Kumar oynadıkları yere gittin mi? Hayır. Bu çok tehlikeli.
Francesca, tu fais ma piqûre?
Düşük ihtimal ve tehlikeli. - Öyle mi?
Mais c'est dangereux.
Evet, öyle biri, değil mi? Onun bu yanını seviyorum. Ama aynı zamanda tehlikeli de olabilir.
C'est une très jolie formule.
Yani, bu adamların için tehlikeli değil mi?
est-ce que n'est pas dangereux pour vos hommes?
Tehlikeli değil mi?
N'est-ce pas dangereux? Non.
- Bir hayli hurma yemiş! - Tehlikeli olabilir mi?
- Il a mangé toutes ces dattes!
Bu tehlikeli bir şey değil mi?
Mais c'est dangereux.
Peki tehlikeli bir görev mi?
C'est donc que ça peut être dangereux?
Su polosu çok tehlikeli değil mi?
N'est-ce pas un sport dangereux?
Yani bunlar tehlikeli Kızılderililer mi?
Ce sont des Indiens dangereux?
Tehlikeli bir şey yapmayacaksın, değil mi?
Tu ne vas rien tenter de désespéré?
Etrafta dolaşması tehlikeli değil mi?
Est-il dangereux?
Silahla ortalıkta dolaşmak tehlikeli değil mi?
Il n'est pas dangereux?
Tehlikeli bir şey, değil mi?
- C'est dangereux, n'est-ce pas?
Shimonida Ailesi'nin seni buralarda görmesi tehlikeli değil mi?
N'est-ce pas dangereux pour toi que la famille de Shimonida te voie ici?
Elinde bir çifte var ve tehlikeli olan kız, öyle mi?
Un coup dans le ventre...
Tehlikeli değil mi?
Ce n'est pas dangereux?
Şu ada, bu kadar yakınından geçmek tehlikeli değil mi?

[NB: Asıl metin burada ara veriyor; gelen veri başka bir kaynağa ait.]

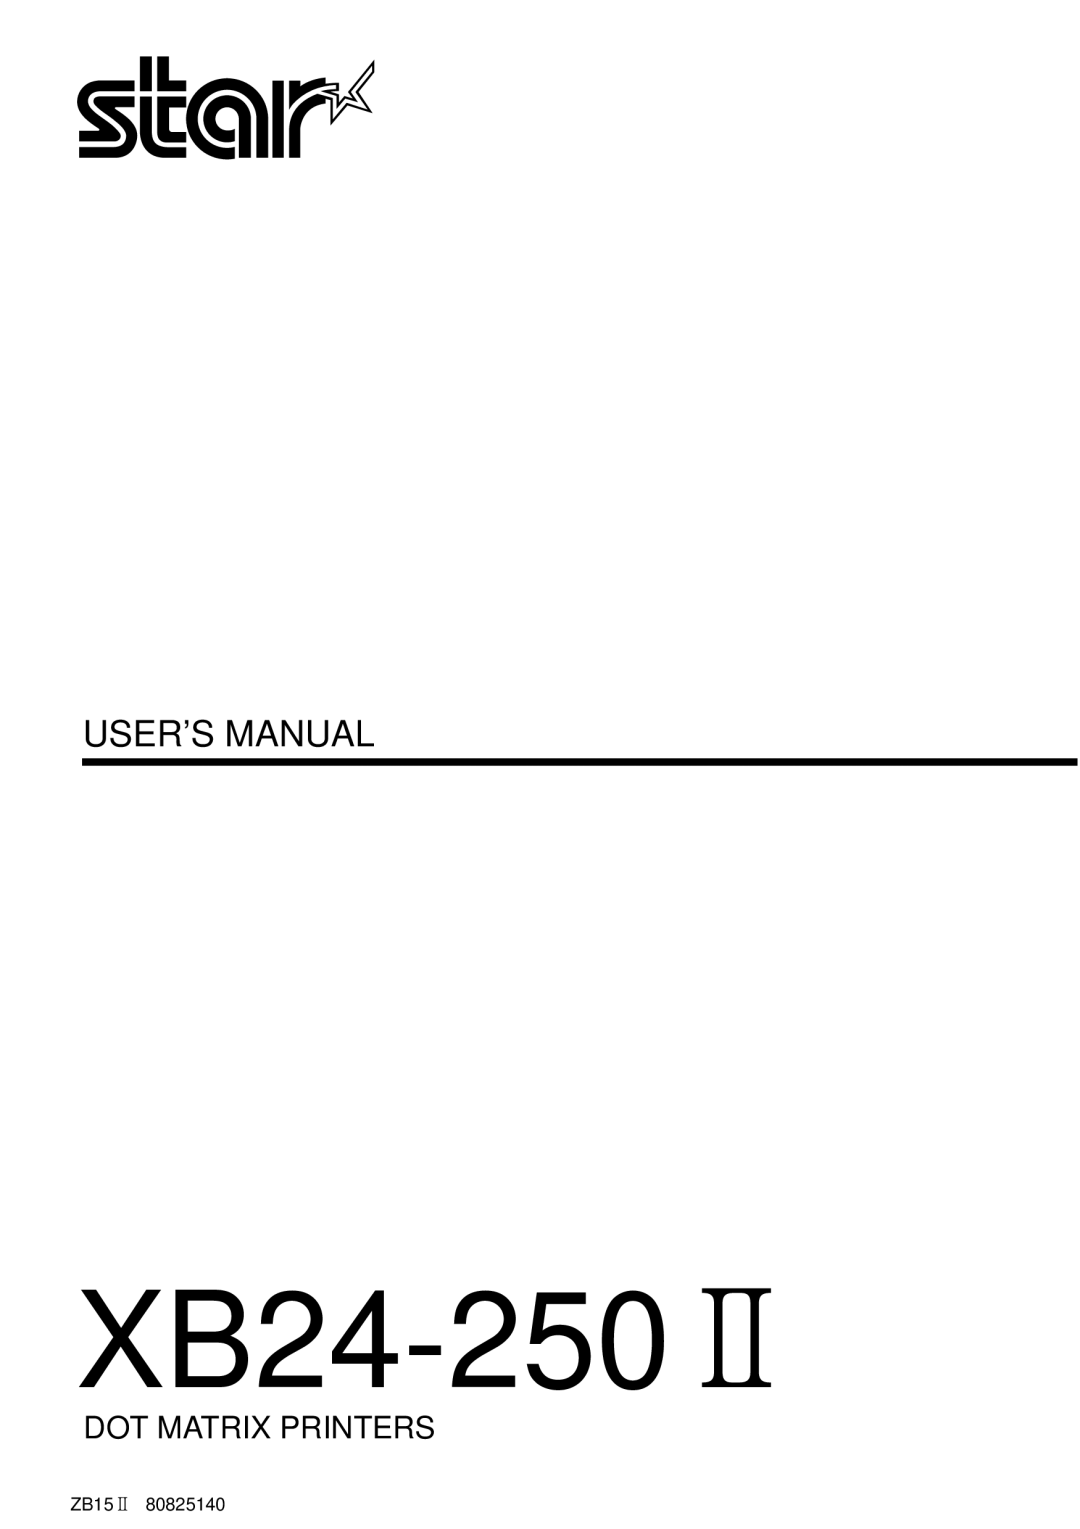 Star Micronics XB24-250 II user manual XB24-2502, User’S Manual, Dot Matrix Printers, ZB152

Cette île, ce n'est pas - dangereux de s'en approcher?
Ne kadar tehlikeli olduğunun farkındasın değil mi, ne yapıyorsun sen?
Es-tu conscient du danger que tu encoures?
Ama bu çok tehlikeli değil mi?
Mais c'est dangereux?
Burada tehlikeli bir şey olsaydı,... bilirdik, değil mi?
S'il y avait quelque chose d'hostile ici, on le saurait.
Tehlikeli biri mi?
Il est dangereux? Très!
Burası sizce de tehlikeli bir yer değil mi Bay Dancer?
C'est un endroit dangereux, n'est-ce pas, M. Dancer?
Şimdi, Havershaw, biz yolda oldukça tehlikeli yağlı bir noktaya gelmiyoruz değil mi?
Bien, Havershaw, nous approchons de la flaque d'huile sur la route, n'est-ce pas?
Bu havada bisiklete binmek tehlikeli değil mi?
- Ça a l'air dangereux, cet engin, avec ce temps-là.